__DESCRIPTION OF THE TASK__:
Your answer should hold only the lines from the start of the data below through the line with "vedic astrology lesson", copied exactly, with pictures left out.
[Opening GIVEN DATA section]
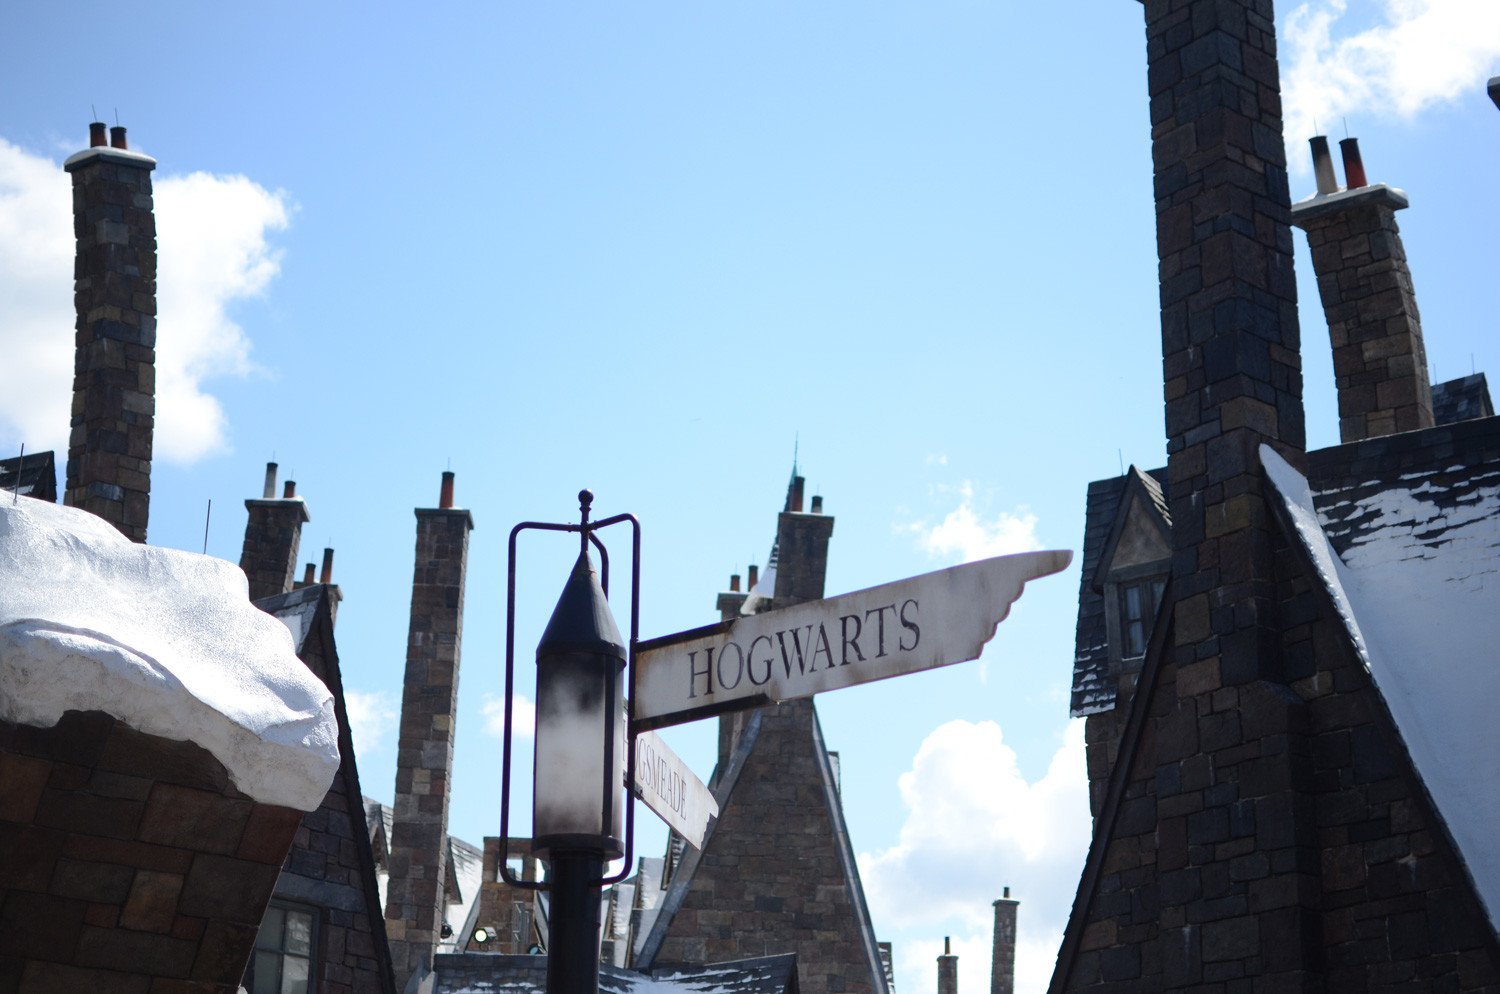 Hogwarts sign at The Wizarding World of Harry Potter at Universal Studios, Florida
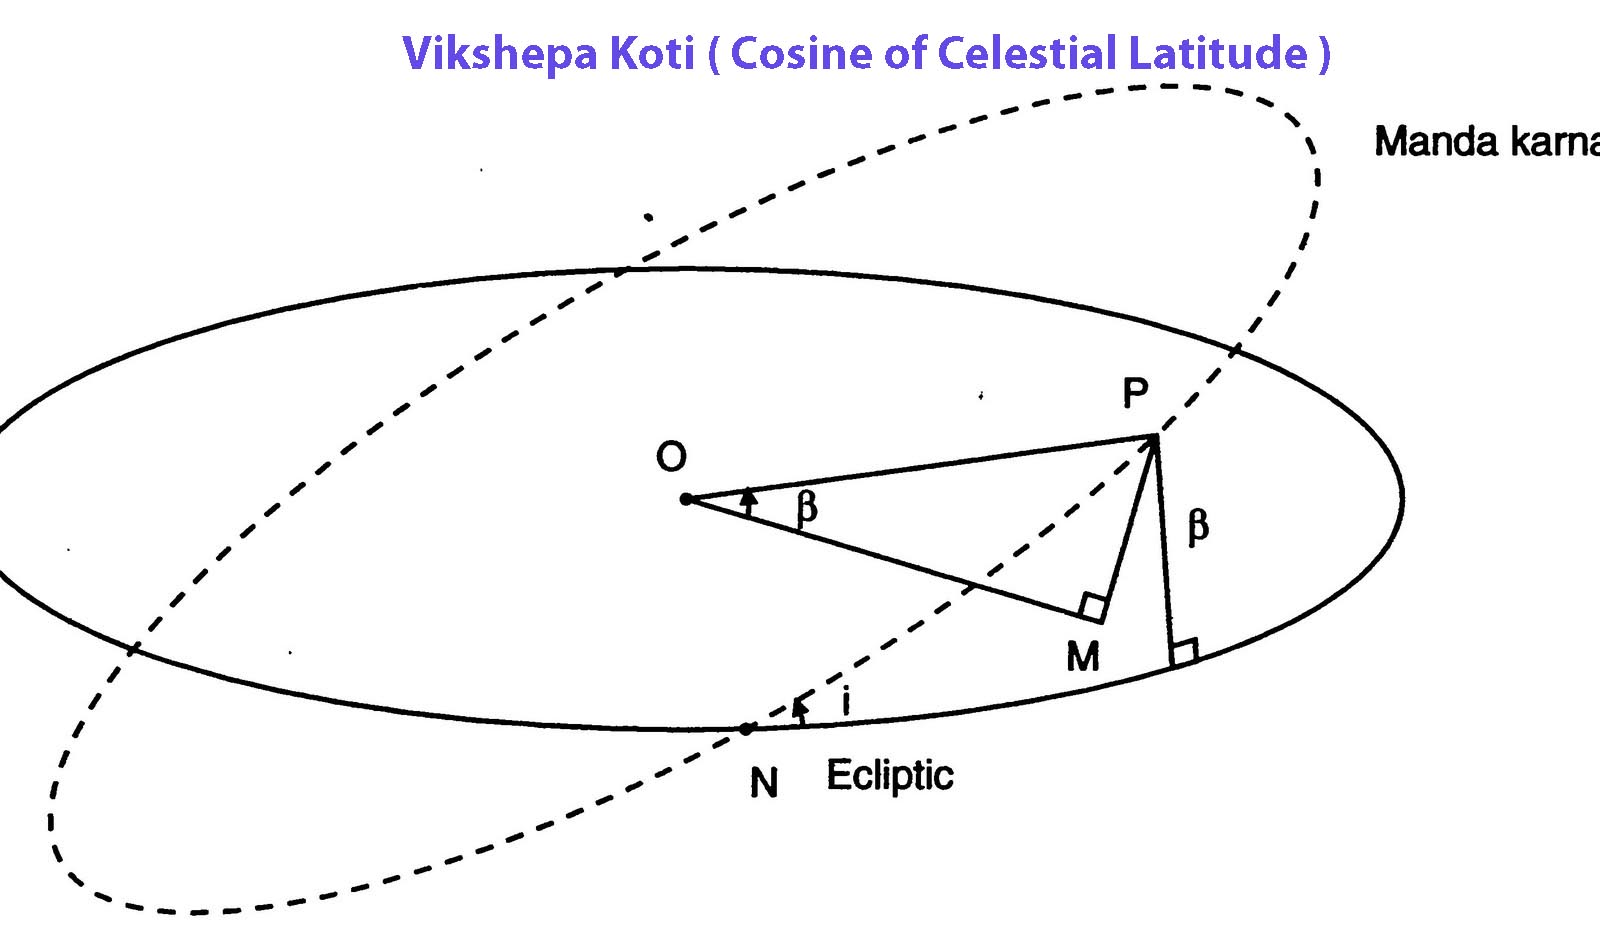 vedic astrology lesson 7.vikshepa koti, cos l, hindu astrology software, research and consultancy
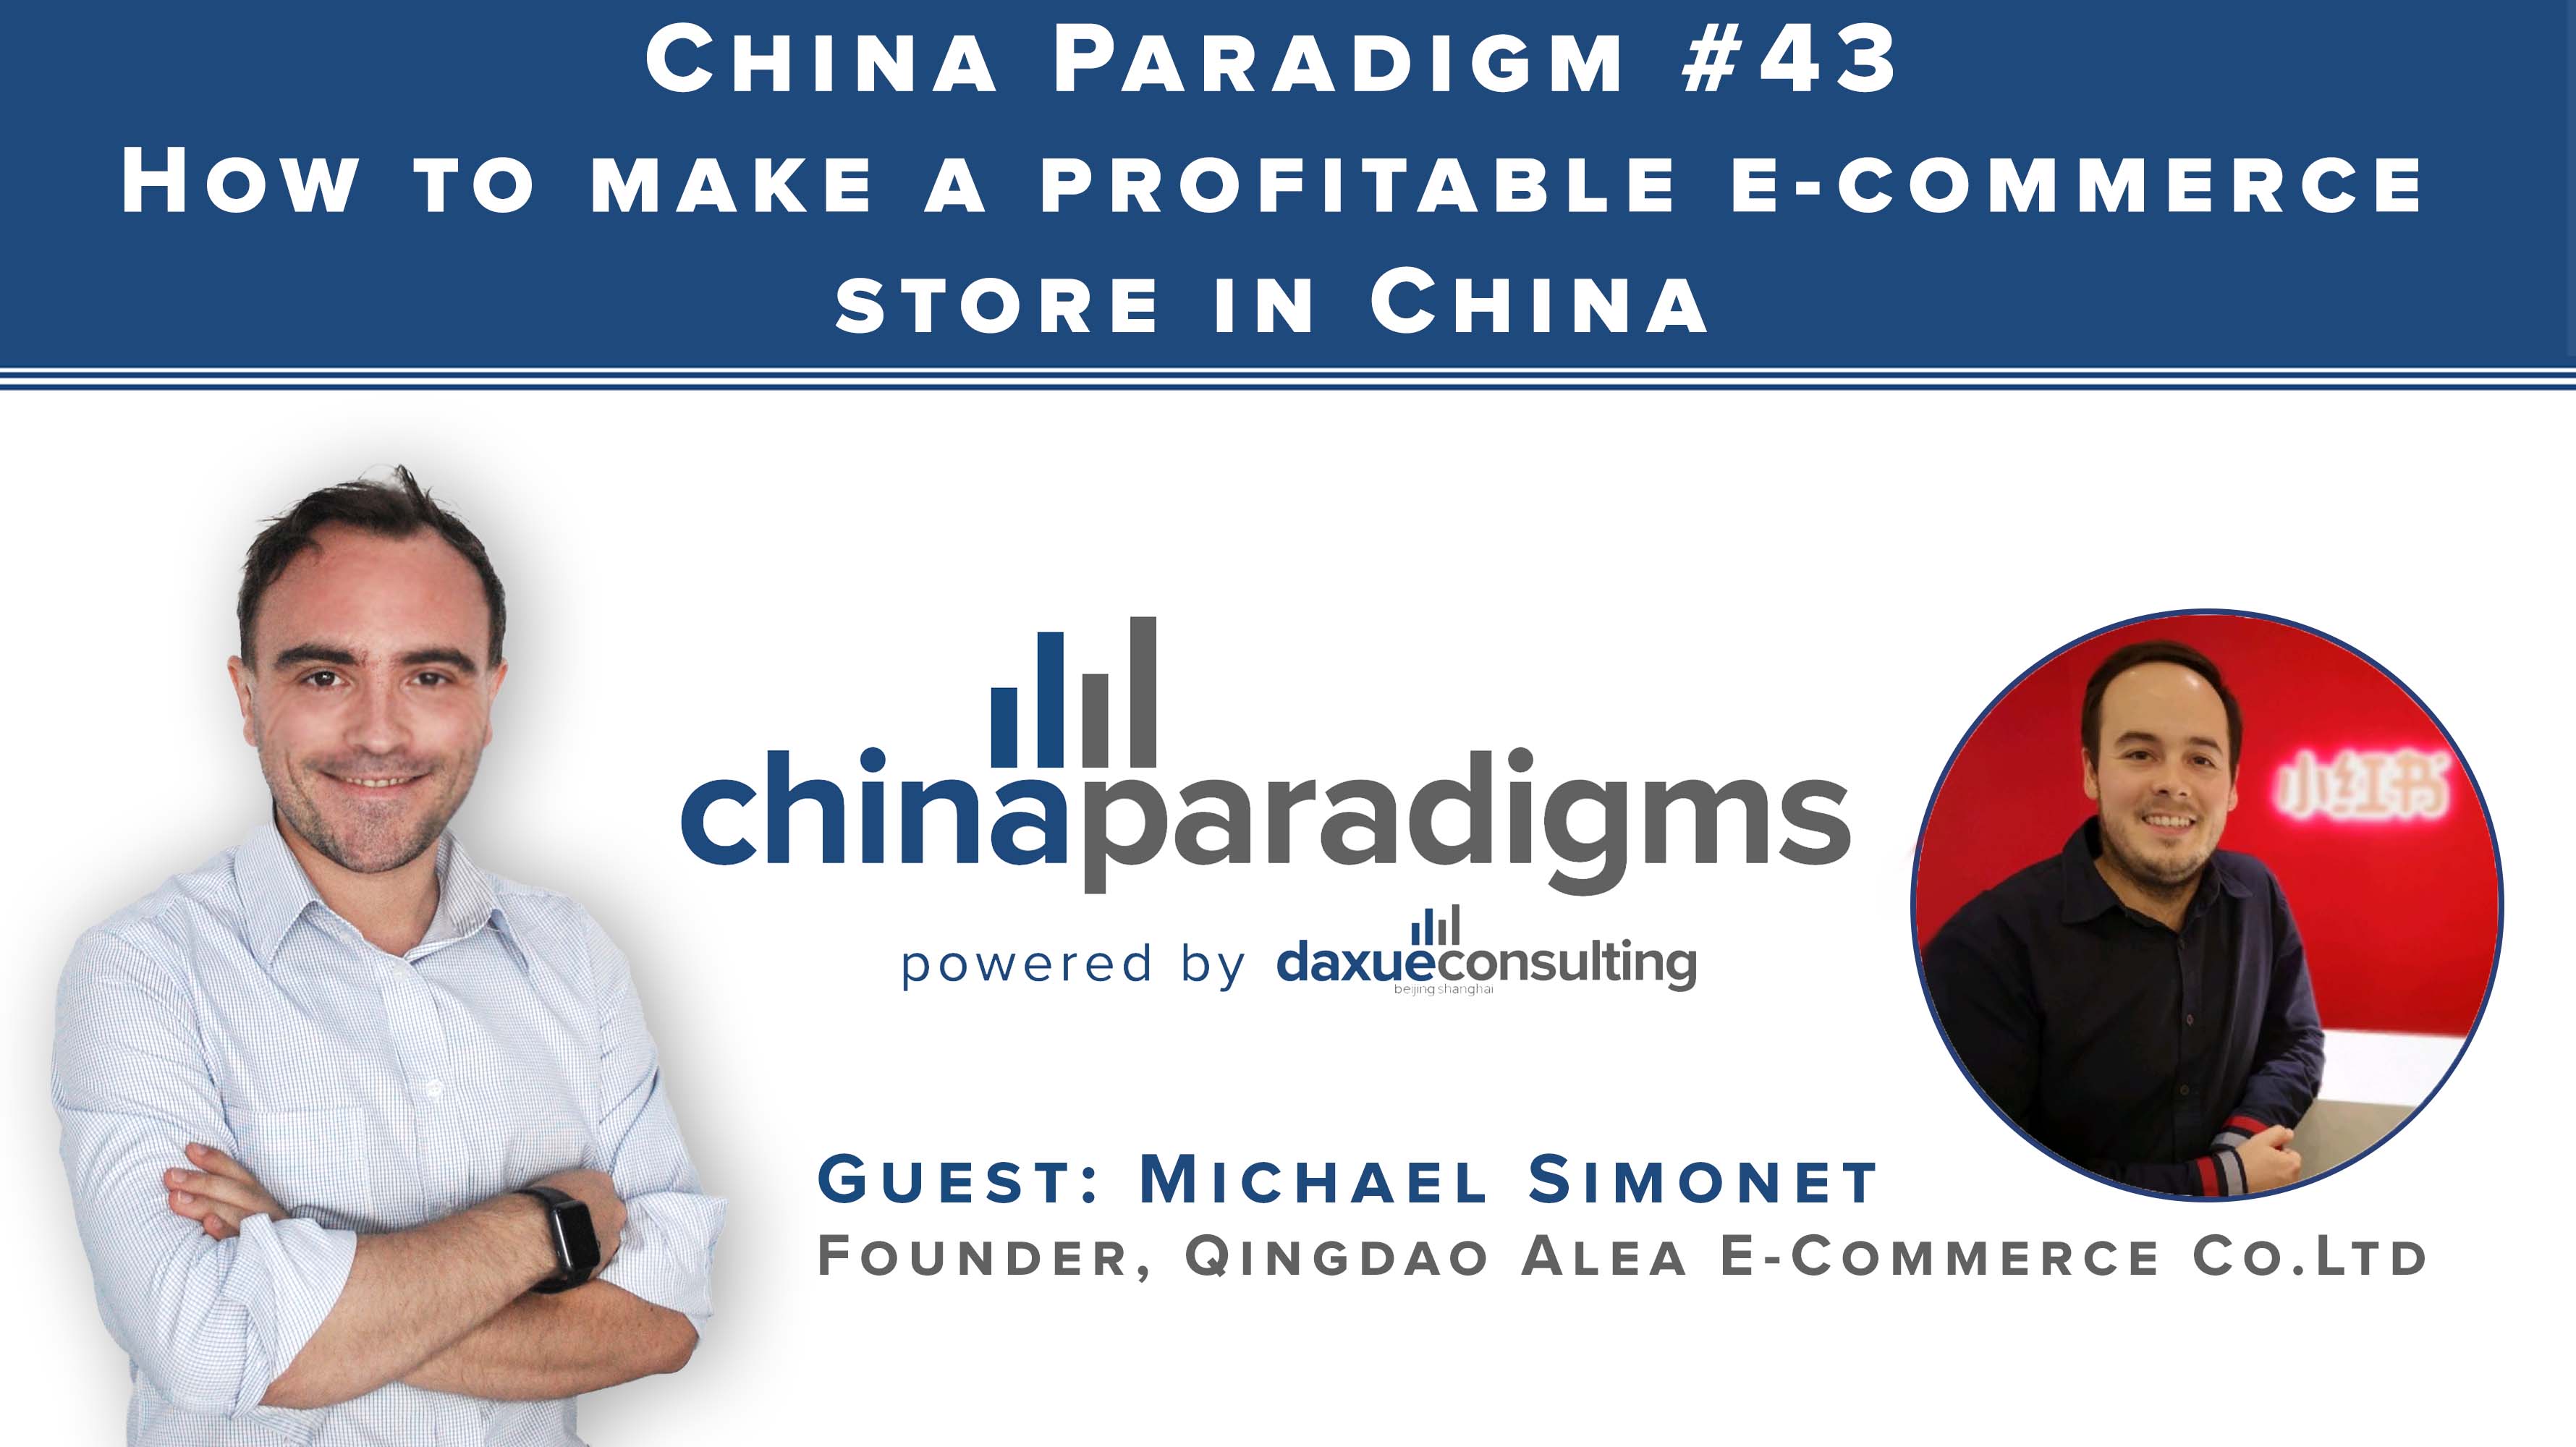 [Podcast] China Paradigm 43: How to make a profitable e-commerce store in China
[Closing GIVEN DATA section]
__RESULT OF THIS TASK__:
 Hogwarts sign at The Wizarding World of Harry Potter at Universal Studios, Florida
 vedic astrology lesson 7.vikshepa koti, cos l, hindu astrology software, research and consultancy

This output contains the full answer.